Mr Dawe asked him to clarify what was and wasn’t permitted – as the funding rules do allow providers to subcontract to employers.
“You’re absolutely right, we want employers to have a place in the system where they can be engaged and they can be supported in delivery, that’s what we want,” he replied.
“What we don’t want to see is specifically where employers are being brought into the system, in essence to recoup costs that they would generally incur themselves anyway.
“It’s really important – my plea to all of you in the room – if you’ve got questions or uncertainties about a particular model you’re trying to get off the ground, please come and speak to us about that,” he urged.

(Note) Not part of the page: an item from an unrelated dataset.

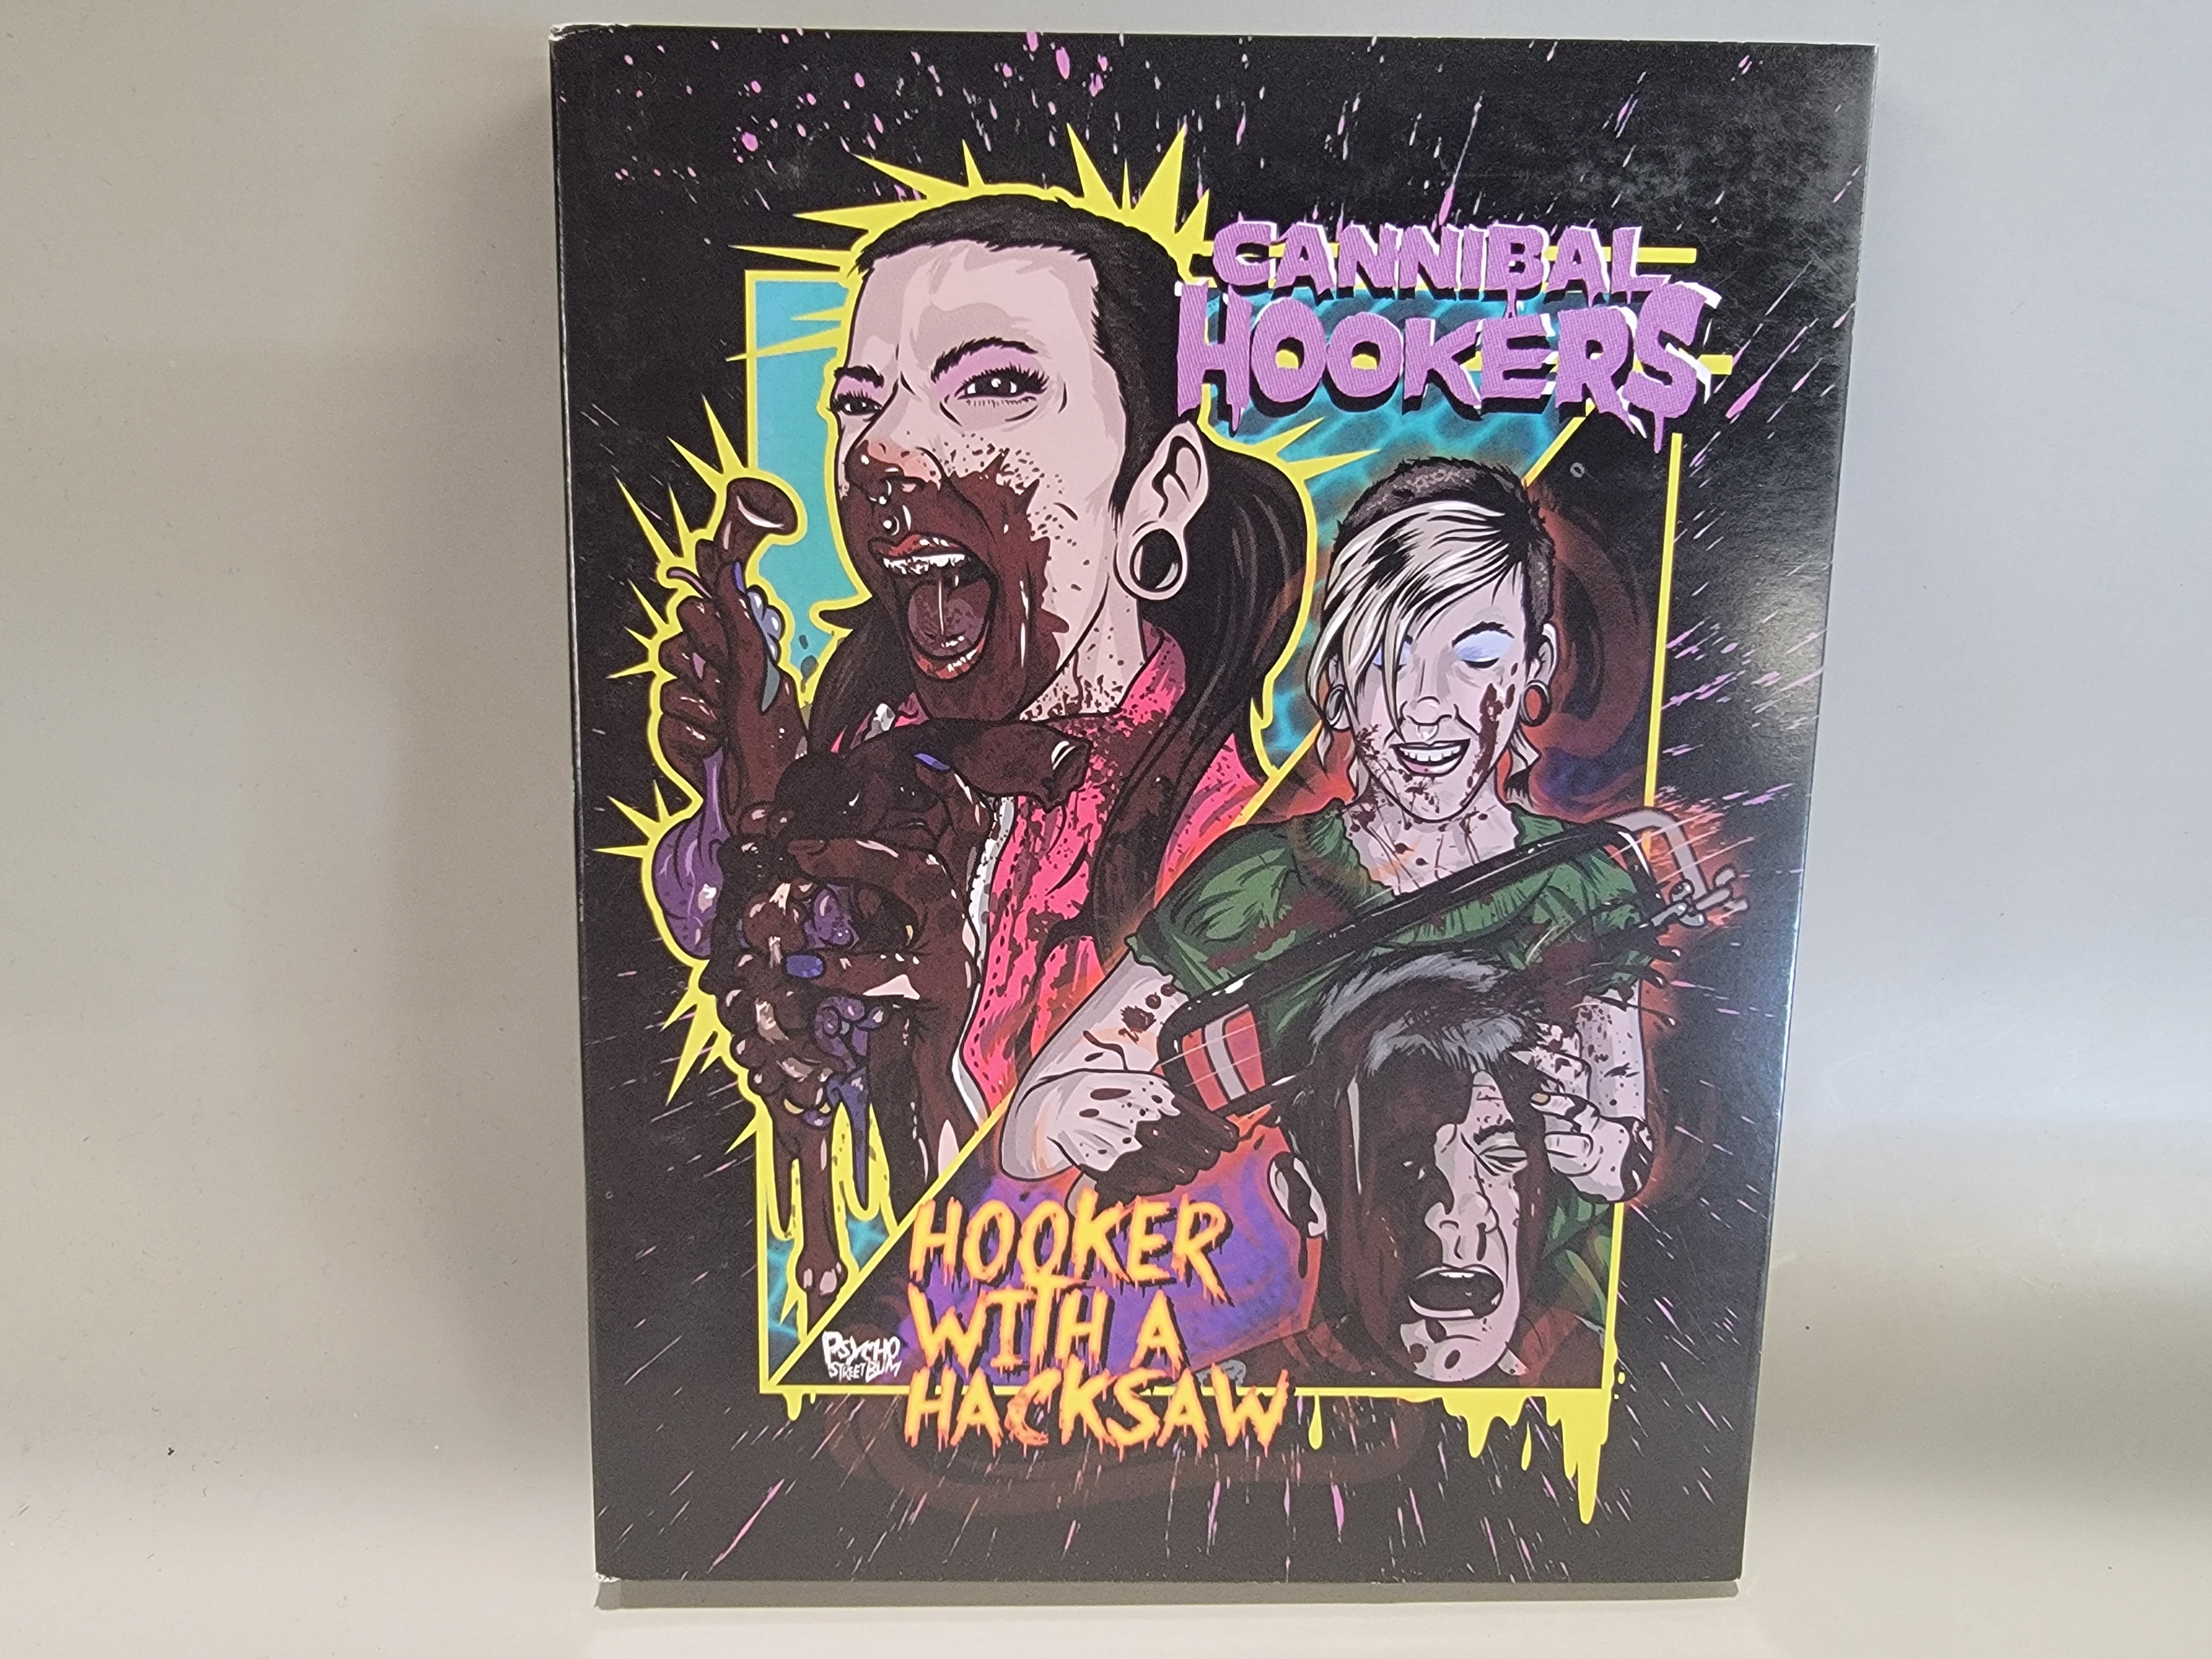 CANNIBAL HOOKERS / HOOKER WITH A HACKSAW BLU-RAY [USED]

The ESFA’s controversial mystery shopper ruse
The revelation that the Education and Skills Funding Agency had been “mystery shopping” apprenticeship providers has left some feeling “a bit hurt” – but Mr Smith insisted the agency wasn’t doing it to catch them out.
He admitted that staff at the agency had phoned a number of providers posing as employers, to check “how well we think the service reforms are coming through”.
“We think this is really important to test how the reforms are going down and to understand what is happening in the marketplace,” he explained.
Among the “very, very early impressions” emerging from the research – one which was likely to have riled providers – was the finding that “colleges are a little bit better at talking to employers about other needs and other requirements”.
He claimed that this was “in some ways understandable because some of those have other budgets other than apprenticeships”.
Other “key messages” included the finding providers were not doing “enough tailoring of the advice that’s being given to employers”, and not focusing on employers’ needs “strongly enough”.
Providers were also not doing “enough general promotion of apprenticeships and what employers can expect”, which Mr Smith said was important “to get employers wanting to invest in more apprenticeship activity”.
When Mark Dawe challenged him on the mystery shop, he explained that it was “not about trying to pull providers up for not doing the right things”.
“I talked about some of the things that you can reflect on, but I’m not saying to you ‘those are things that everybody’s got to do better’ because it’s bad,” he said.
“We’re doing it to see if the users of our services are getting access to the right information,” he said.
“We really do care that we’re doing enough to support you.”